I cannot find a explanation for the increase of computation speed, what am I missing?

Thanks in advance!

jdramsey commented 1 year ago

The issue I think is that checking background knowledge requires an overhead, so if you don't have to do it the algorithms will run faster.

The way it's stored is in pairs <{n1, ..., nm>, {nq...nr}>, where edges are forbidden in reverse. The set lookups should be fast (i.e., if you forbid all of the second from causing any of the first, and you try to add an edge x1->x2, if will look to see if x1 is in the second set and x2 is in the first set and if so will forbid it). If you give separate singleton pairs for each, like <{x1}, {x2}>, it has to go through a lot of sets to figure this out. Do you know how your knowledge is being entered?

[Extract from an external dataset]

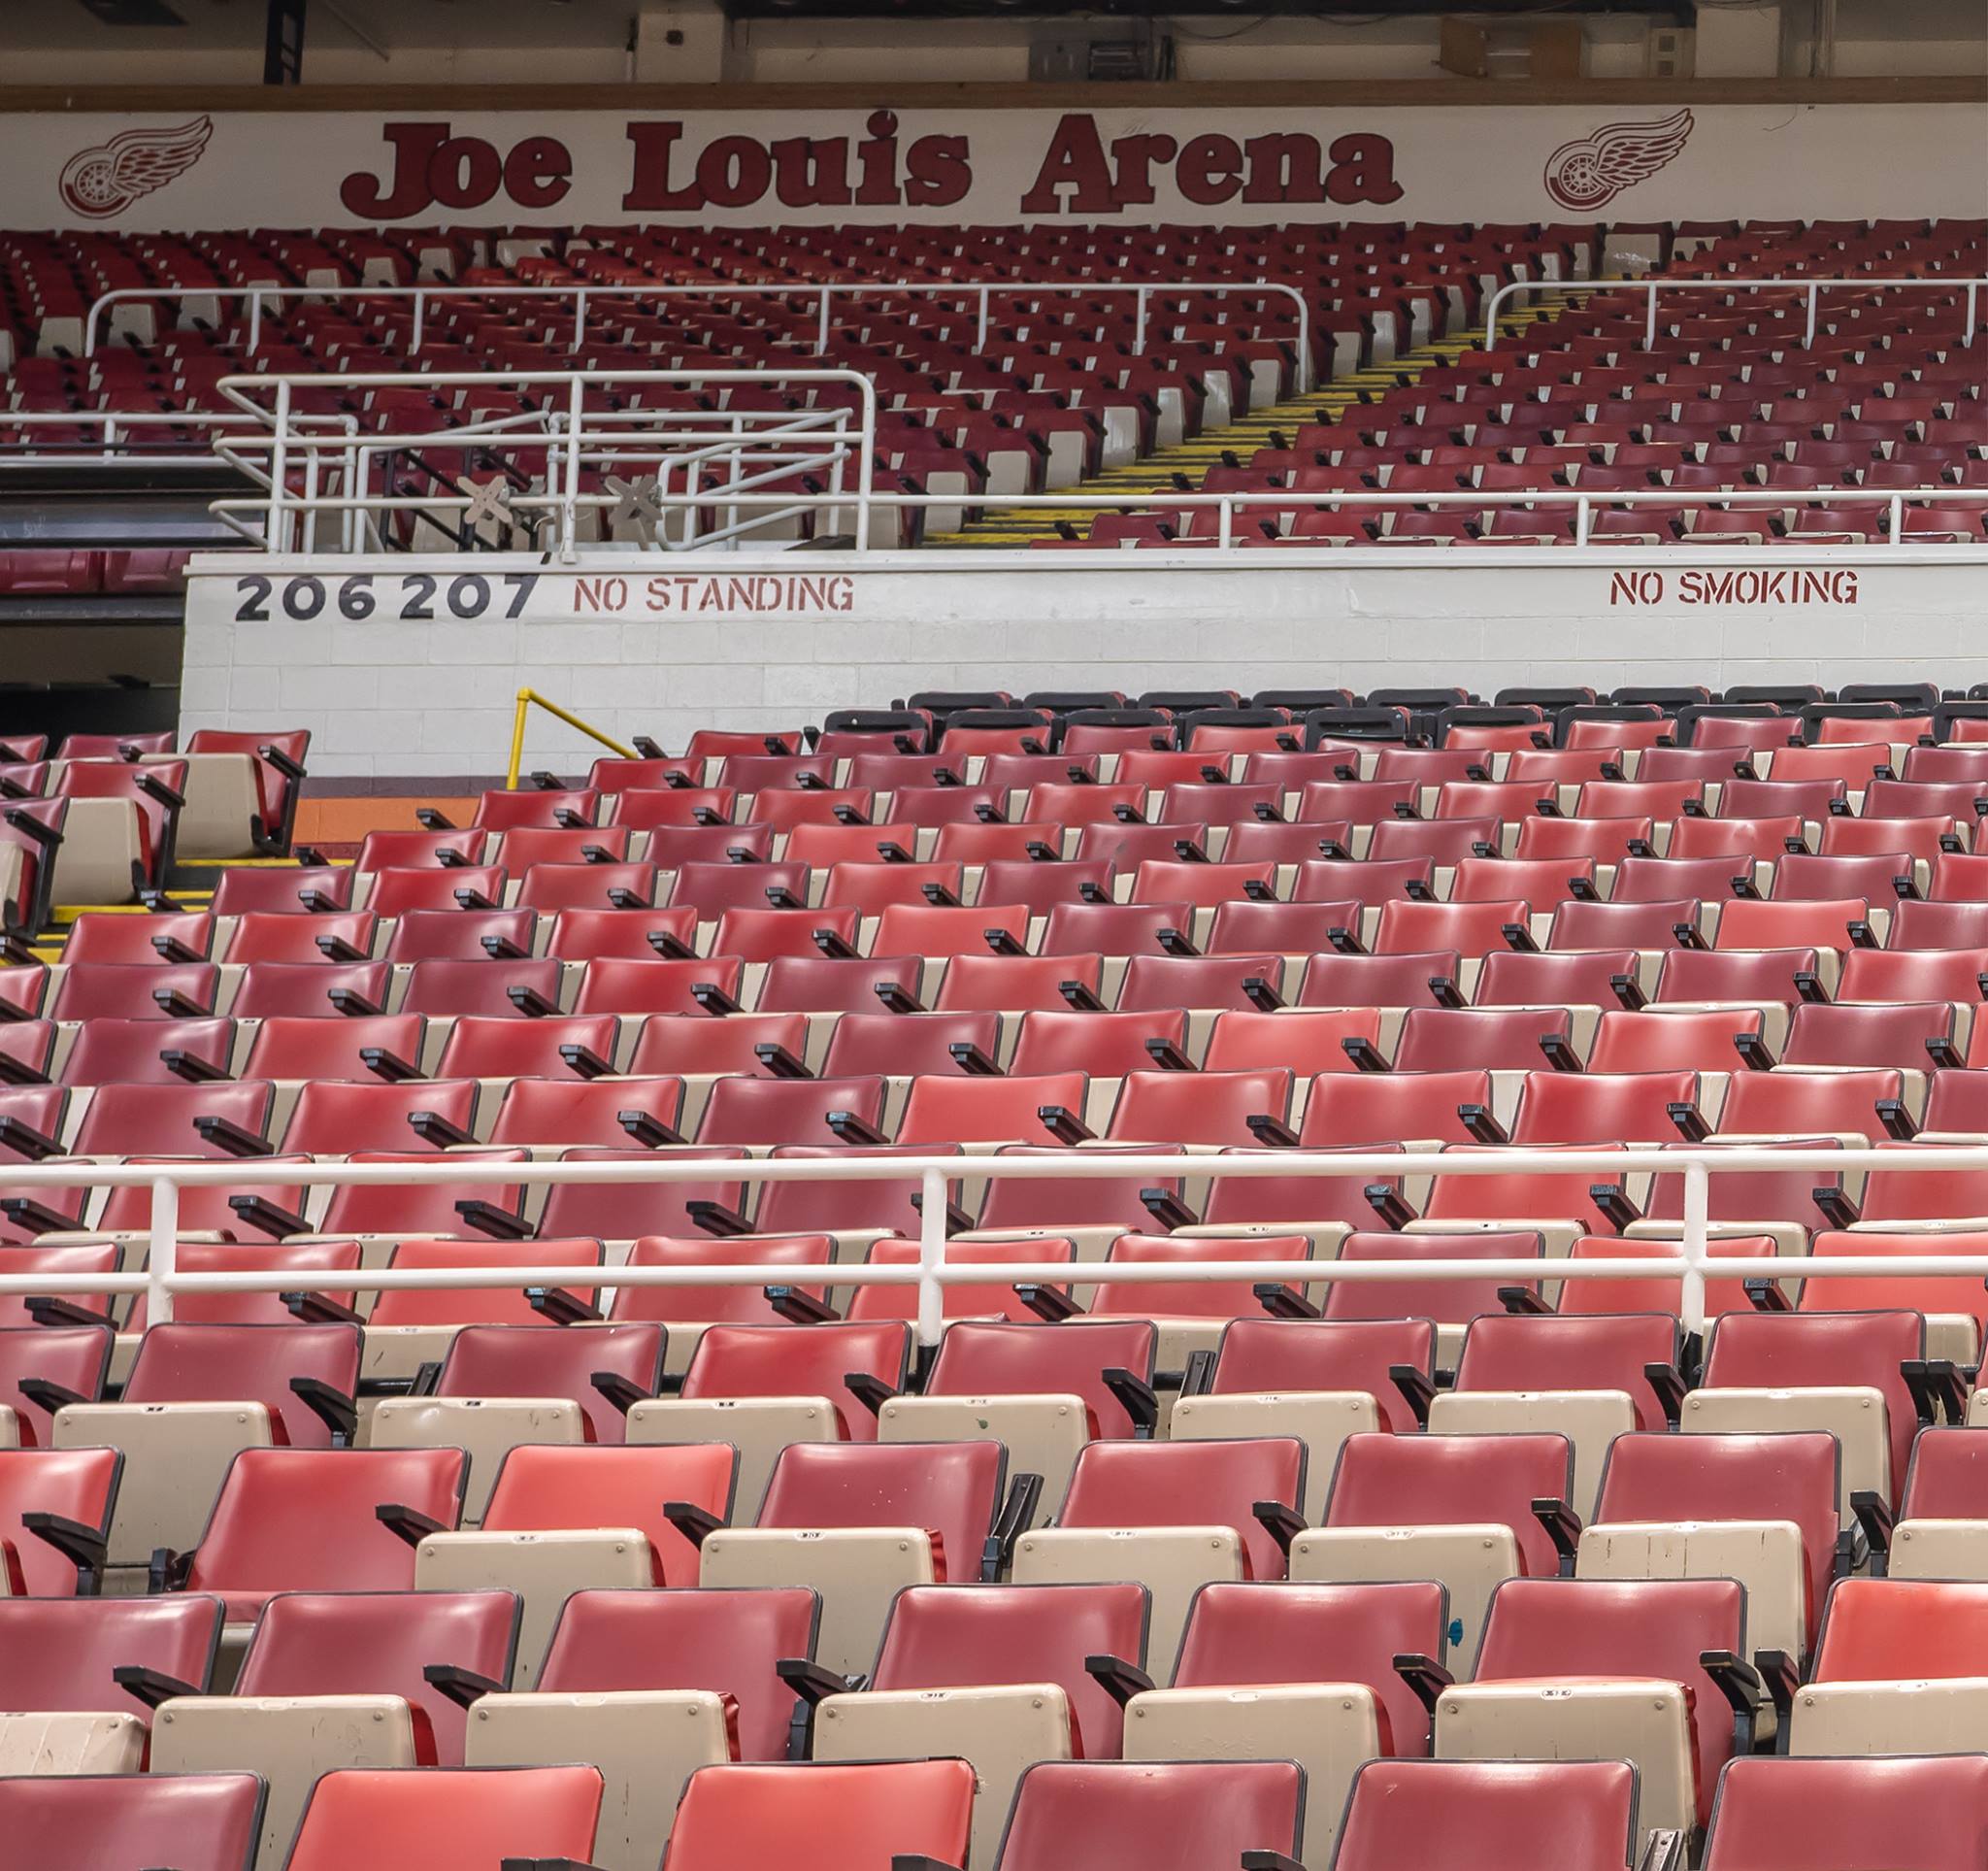 Sale begins on Joe Louis Arena seats

verae98 commented 1 year ago

Thank you for your reply! I store the forbidden and required edges in self.forbidden_rules_specs and self.required_rules_specs for the BackgroundKnowledge class which I thought only allow singleton pairs, since the type is Set[Tuple[Node, Node]]. That explains why the algorithm is slower then. But how can I change then then to the pairs with multiple values?

verae98 commented 1 year ago

Hi, I have added a childclass of this BackgroundKnowledge class called FastBackgroundKnowledge in my code which inherits all the properties of the BackgroundKnowledge, except for the is_forbidden() and is_required() functions to fix my problem.

I have added two dictionaries for which the required and forbidden edges are stored in. For each required edge X1 -> X2 we have a dict_required {"X1" : [X2]}. This way the is_forbidden() function and is_required() function do not have to look through all sets, but has a lookup by node name. This has lowered the FCI function computation time significantly!

There is only one problem, in the file fas.py line 286, type checking has been done by stating type(knowledge) == BackgroundKnowledge I would like to suggest to change this to isinstance(knowledge, BackgroundKnowledge), such that inheritance is possible :)

kunwuz commented 1 year ago

Thanks so much! Your solution looks fantastic : ) If you would like to, could you please create a PR (including a short test example) for this so that your contribution could be better recognized? We can also review and push this if everything goes smoothly. Of course, we greatly appreciate your suggestions whether you would like to PR it or not.